Prop#324: Clarify that we use TOR_VEGAS and cwnd-RTT BDP estimation

Also remove the deprecated cc_bdp_alg param, and update the cc_alg param description.
author: Mike Perry <mikeperry-git@torproject.org> 2023-06-27 21:05:13 +0000
committer: Mike Perry <mikeperry-git@torproject.org> 2023-06-27 21:05:13 +0000
commit: a8ded3ca6bfb795b0d050a805a1ee66a1673ebf6 (patch)

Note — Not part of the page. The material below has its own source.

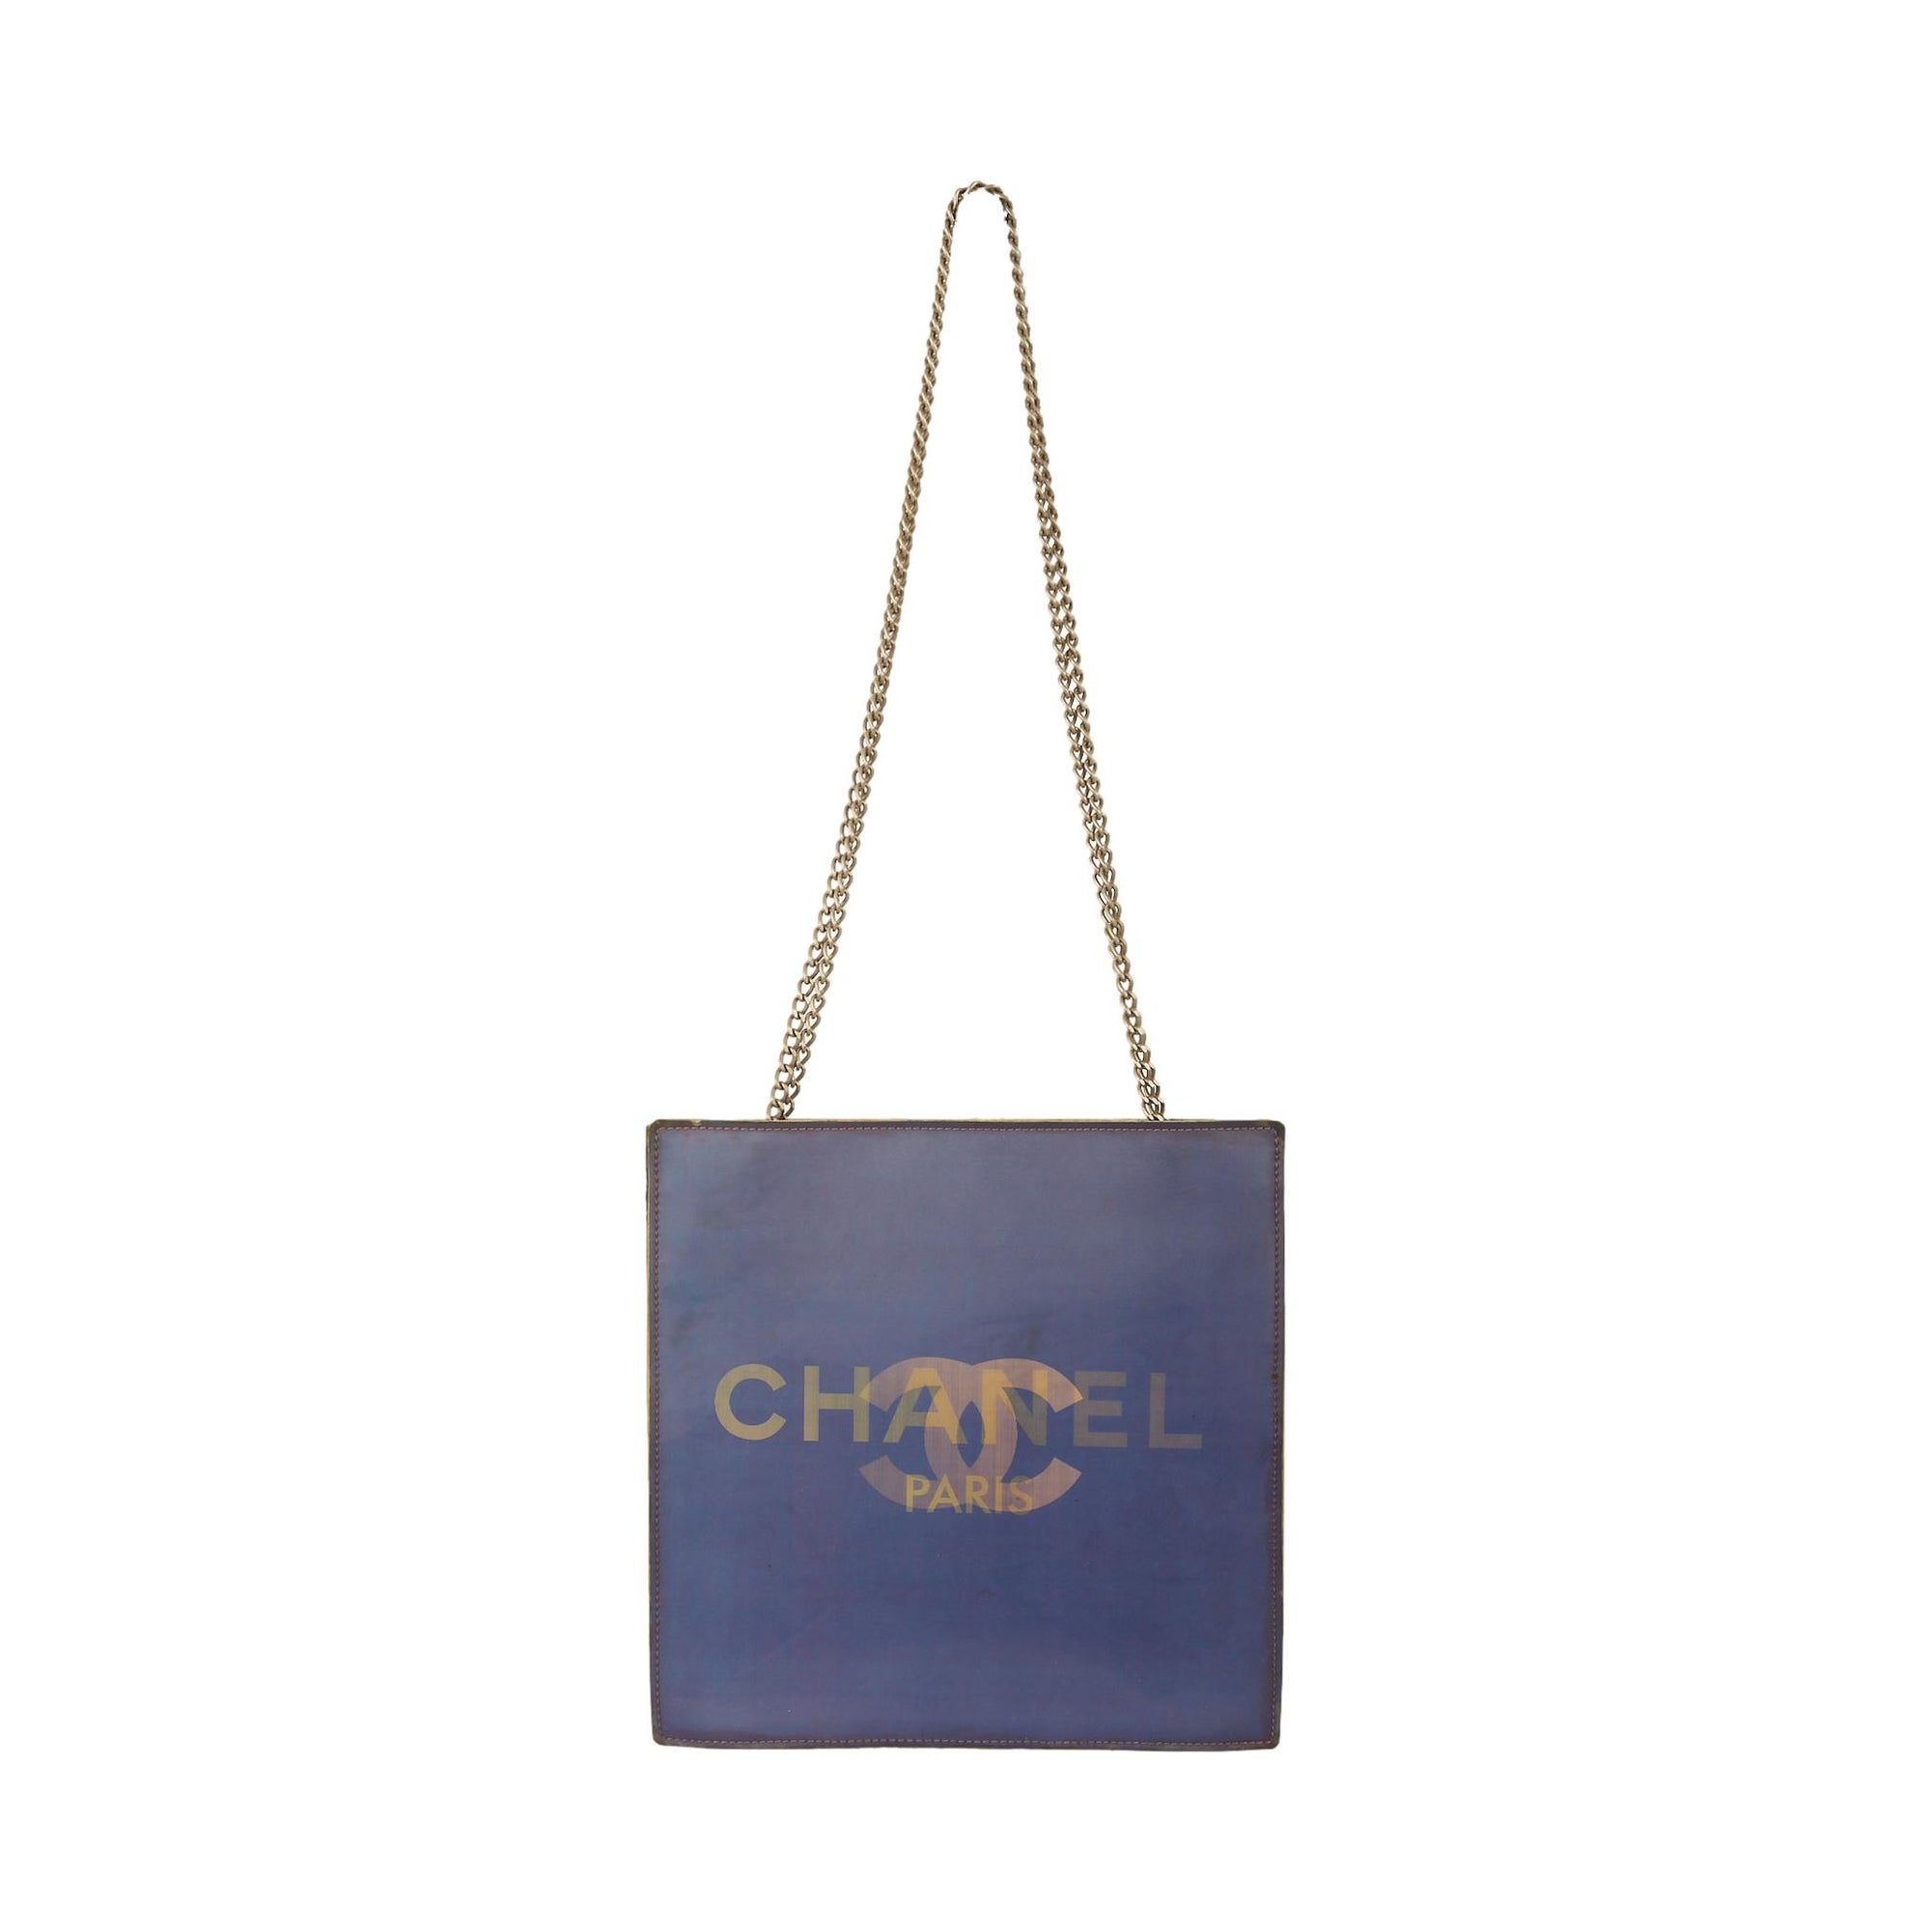 Chanel Vintage 1997 Triple CC Chain Strap Shoulder Bag

tree: ef8eab1d65e68f2c568fd666d9859797c7f5a11b /proposals/324-rtt-congestion-control.txt
parent: 62301aa08519f8848933ecd48f28476c4a481f1a (diff)

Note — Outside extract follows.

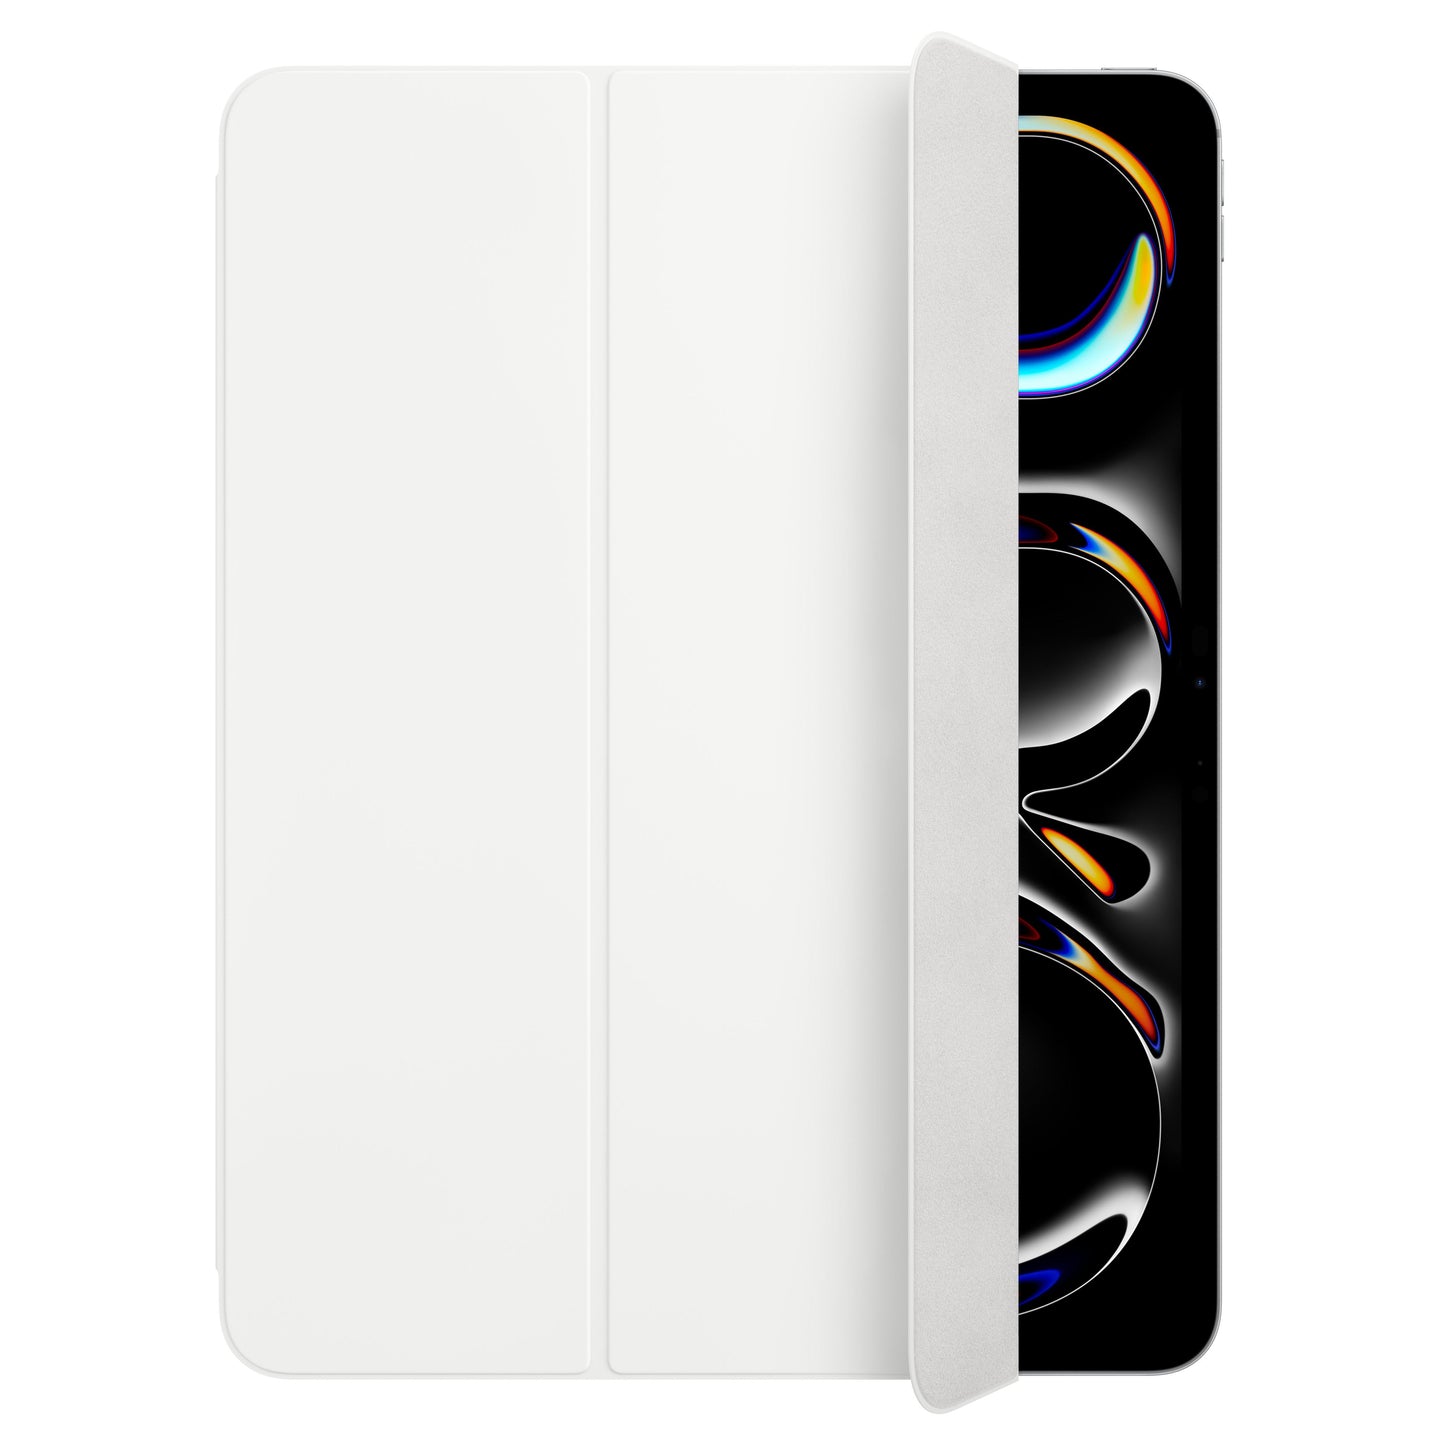 Smart Folio สำหรับ iPad Pro รุ่น 13 นิ้ว (ชิป M4) - สีขาว

download: torspec-a8ded3ca6bfb795b0d050a805a1ee66a1673ebf6.tar.gz
torspec-a8ded3ca6bfb795b0d050a805a1ee66a1673ebf6.zip
1 files changed, 41 insertions, 40 deletions
diff --git a/proposals/324-rtt-congestion-control.txt b/proposals/324-rtt-congestion-control.txt
index 5126410..582c54d 100644
--- a/proposals/324-rtt-congestion-control.txt
+++ b/proposals/324-rtt-congestion-control.txt
@@ -163,14 +163,13 @@ false (no stall), and the RTT value is used.
 
 2.1.2. N_EWMA Smoothing [N_EWMA_SMOOTHING]
 
-Both RTT estimation and SENDME BDP estimation require smoothing, to
-reduce the effects of packet jitter.
+RTT estimation requires smoothing, to reduce the effects of packet jitter.
 
 This smoothing is performed using N_EWMA[27], which is an Exponential
 Moving Average with alpha = 2/(N+1):
 
-  N_EWMA = BDP*2/(N+1) + N_EWMA_prev*(N-1)/(N+1)
-         = (BDP*2 + N_EWMA_prev*(N-1))/(N+1).
+  N_EWMA = RTT*2/(N+1) + N_EWMA_prev*(N-1)/(N+1)
+         = (RTT*2 + N_EWMA_prev*(N-1))/(N+1).
 
 Note that the second rearranged form MUST be used in order to ensure that
 rounding errors are handled in the same manner as other implementations.
@@ -179,10 +178,9 @@ Flow control rate limiting uses this function.
 
 During Slow Start, N is set to `cc_ewma_ss`, for RTT estimation.
 
-After Slow Start, for both RTT and SENDME BDP estimation, N is the number
-of SENDME acks between congestion window updates, divided by the value of consensus
-parameter 'cc_ewma_cwnd_pct', and then capped at a max of 'cc_ewma_max',
-but always at least 2:
+After Slow Start, N is the number of SENDME acks between congestion window
+updates, divided by the value of consensus parameter 'cc_ewma_cwnd_pct', and
+then capped at a max of 'cc_ewma_max', but always at least 2:
 
   N = MAX(MIN(CWND_UPDATE_RATE(cc)*cc_ewma_cwnd_pct/100, cc_ewma_max), 2);
 
@@ -247,12 +245,11 @@ have been given different names than in those two mails. The third algorithm,
 [TOR_NOLA], simply uses the latest BDP estimate directly as its congestion
 window.
 
-These algorithms will be evaluated by running Shadow simulations, to
-help determine parameter ranges, but experimentation on the live network
-will be required to determine which of these algorithms performs best
-when in competition with our current SENDME behavior, as used by real
-network traffic. This experimentation and tuning is detailed in section
-[EVALUATION].
+These algorithms were evaluated by running Shadow simulations, to help
+determine parameter ranges, and with experimentation on the live network.
+After this testing, we have converged on using [TOR_VEGAS], and RTT-based BDP
+estimation using the congestion window. We leave the algorithms in place
+for historical reference.
 
 All of these algorithms have rules to update 'cwnd' - the current congestion
 window, which starts out at a value controlled by consensus parameter
@@ -271,7 +268,6 @@ The 'deliver_window' field is still used to decide when to send a SENDME. In C
 tor, the deliver window is initially set at 1000, but it never gets below 900,
 because authenticated sendmes (Proposal 289) require that we must send only
 one SENDME at a time, and send it immediately after 100 cells are received.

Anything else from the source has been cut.